# [SOURCE MATERIAL]
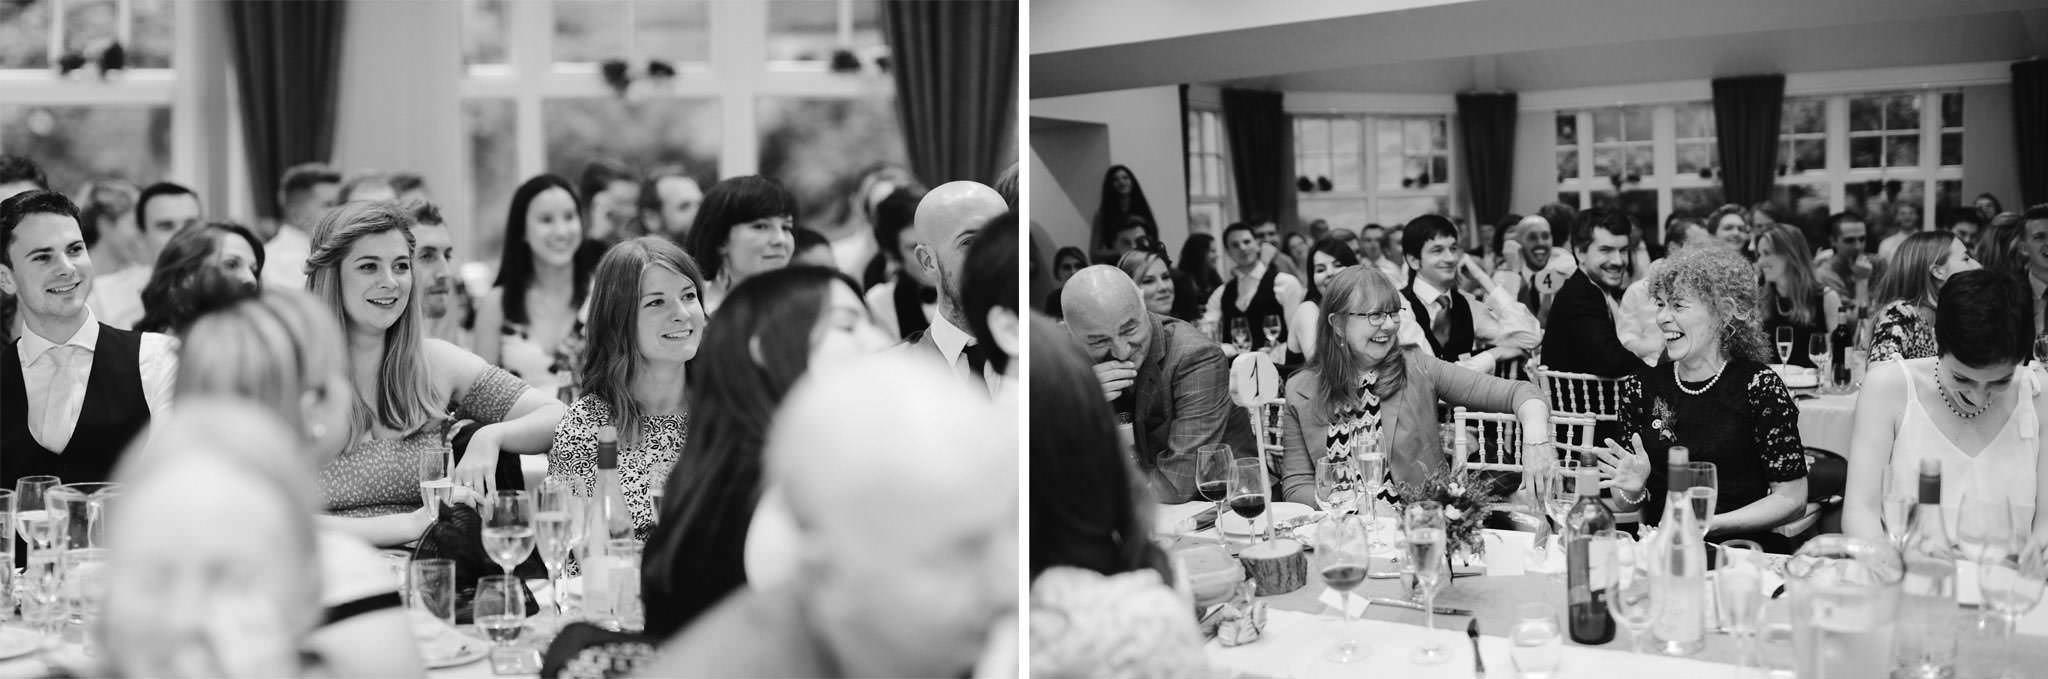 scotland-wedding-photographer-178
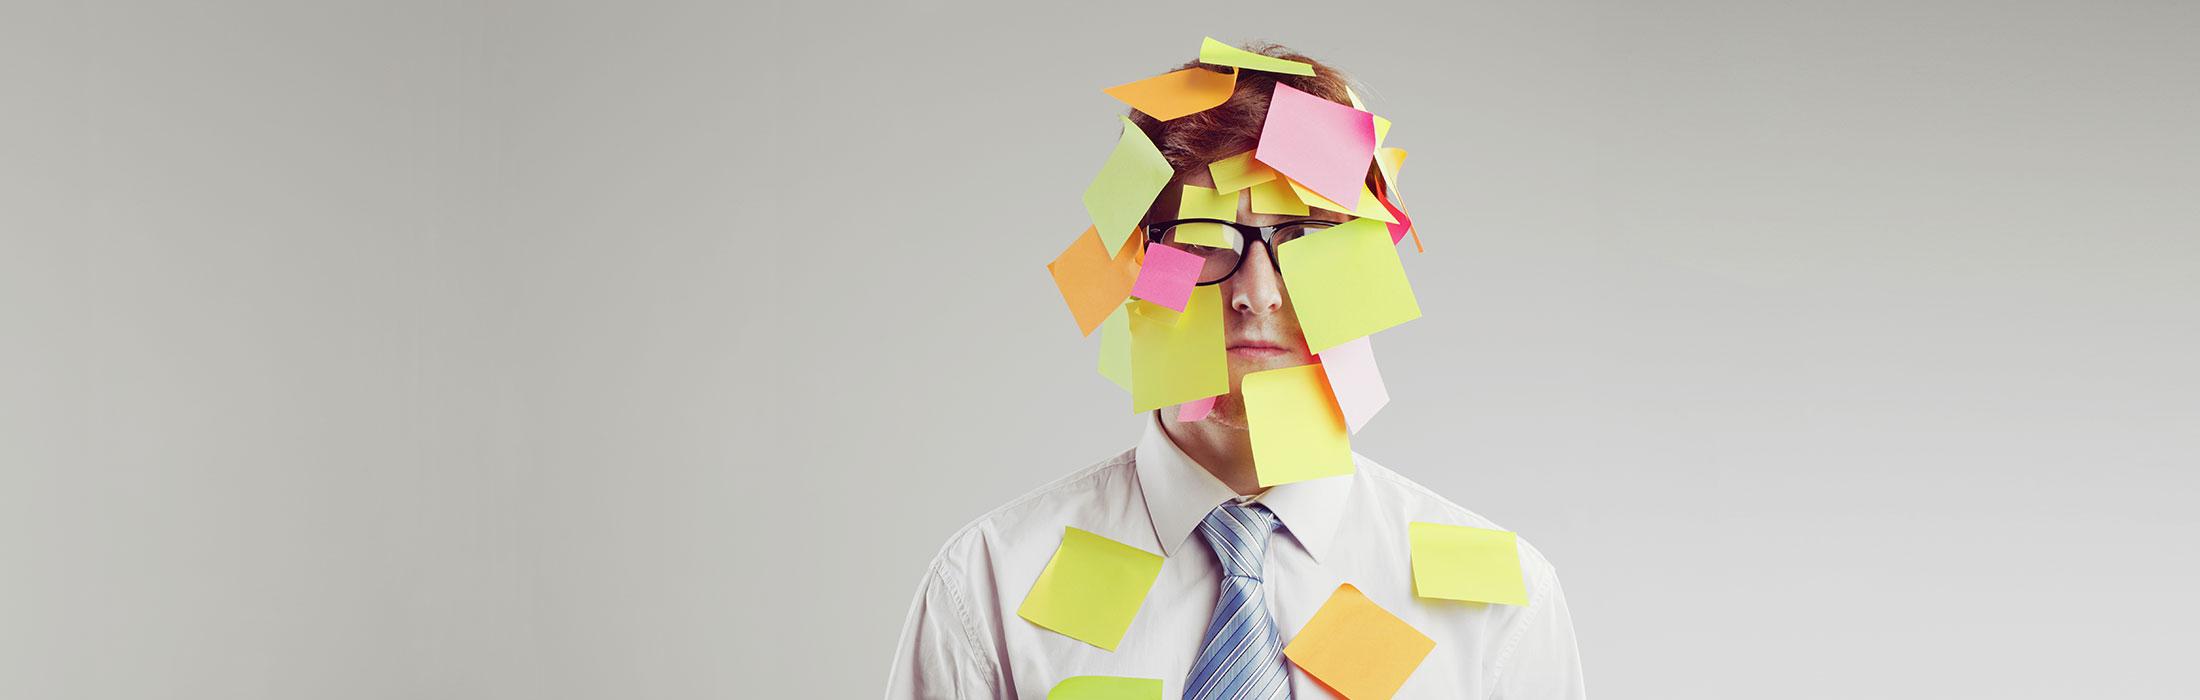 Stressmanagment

==

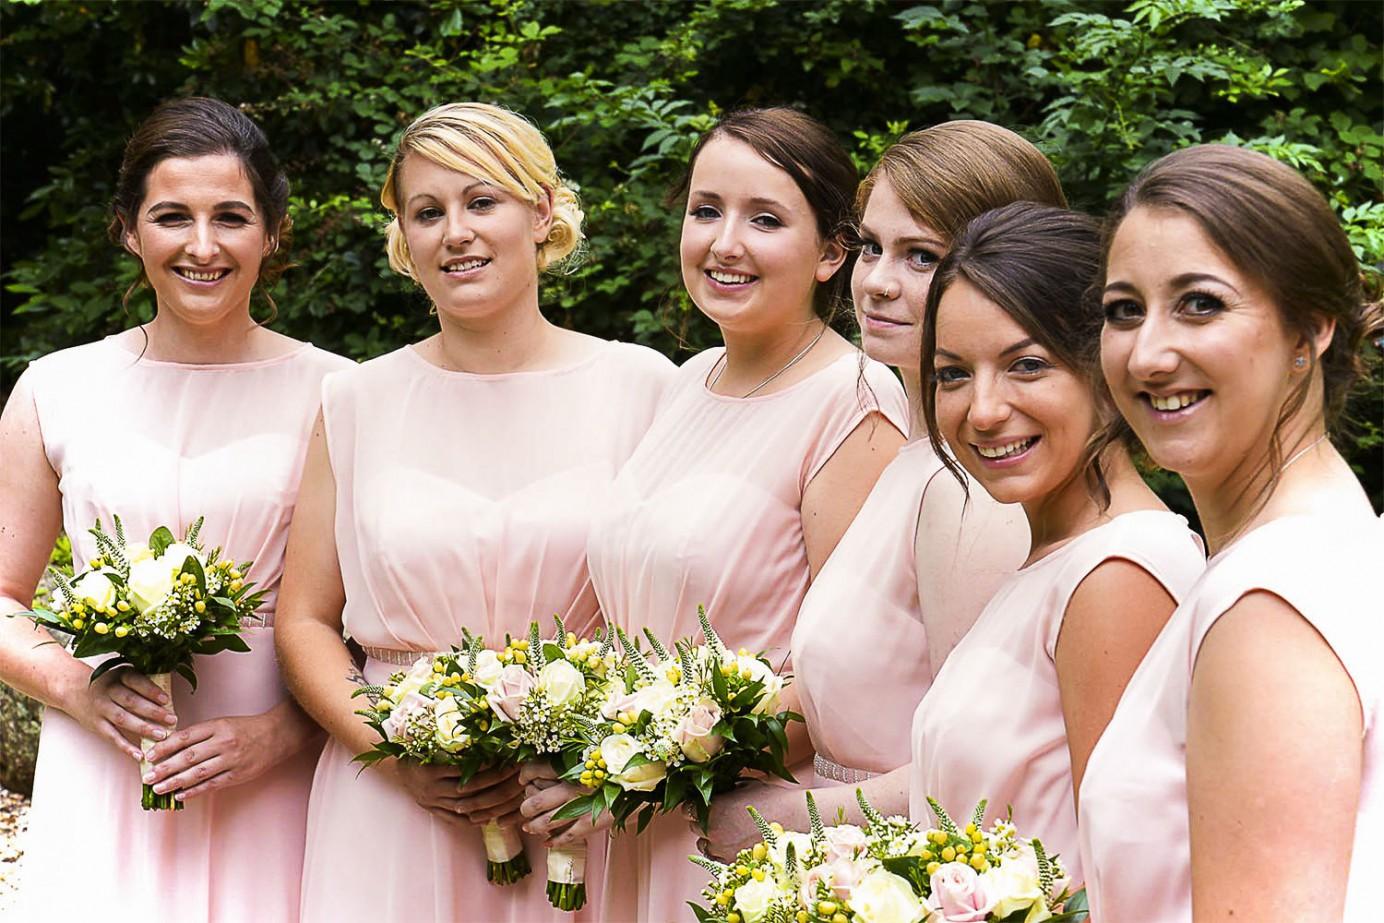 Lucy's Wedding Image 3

--

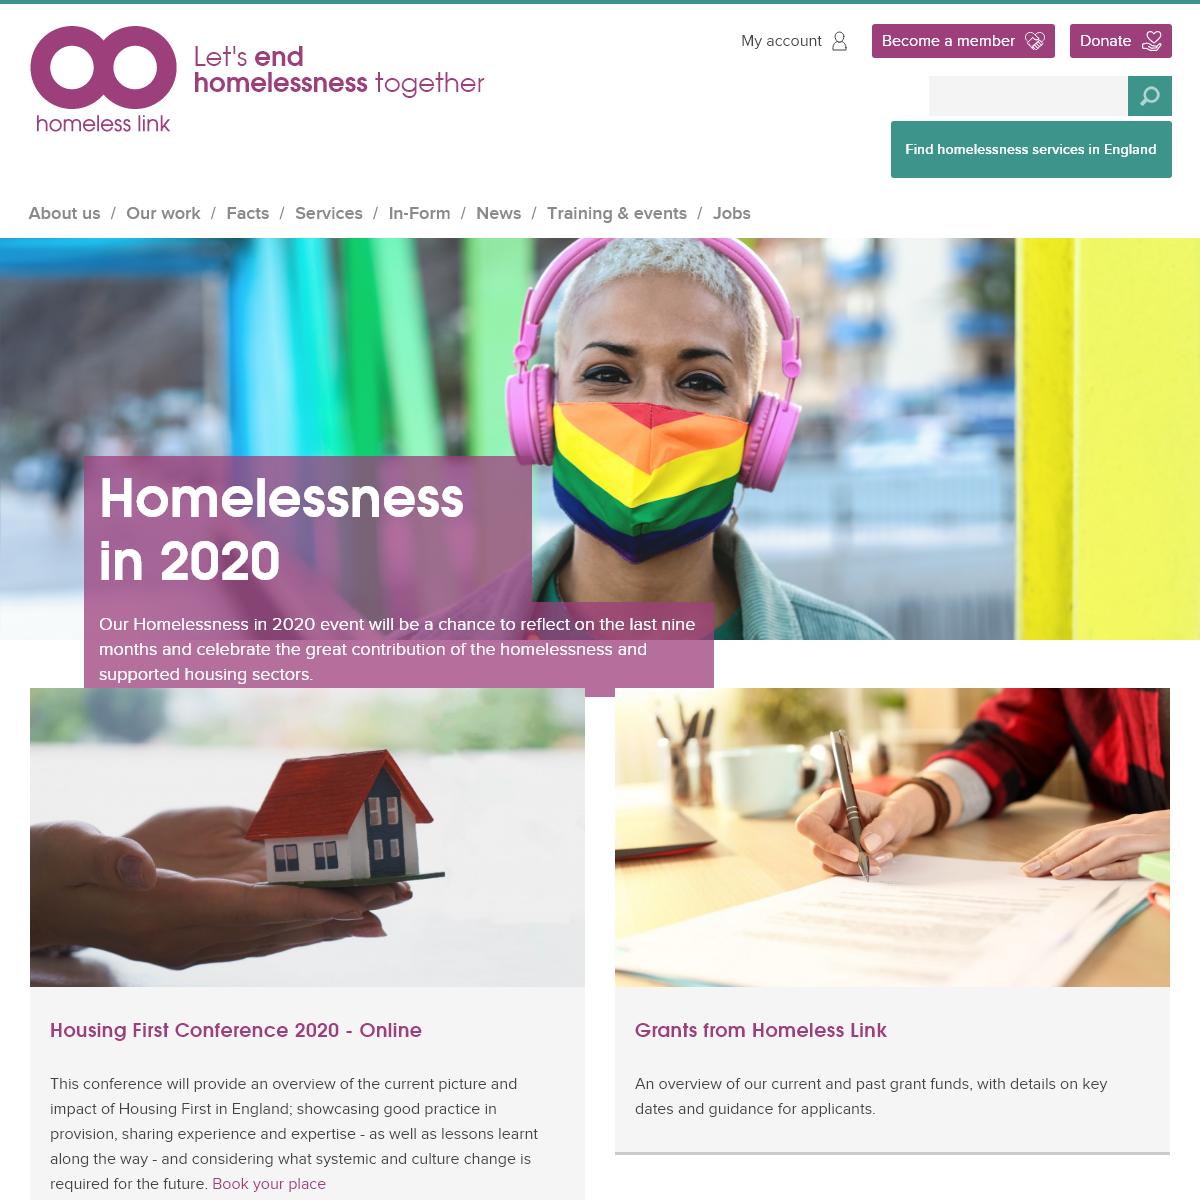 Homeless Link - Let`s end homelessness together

# [HOW TO COMPLETE THIS TASK]
Everything above from the line that has "scotland-wedding-photographer-178" down to the line that has "Stressmanagment" should be output exactly, with both of those lines included. Leave the pictures behind.

# [RESPONSE AREA]
 scotland-wedding-photographer-178
 Stressmanagment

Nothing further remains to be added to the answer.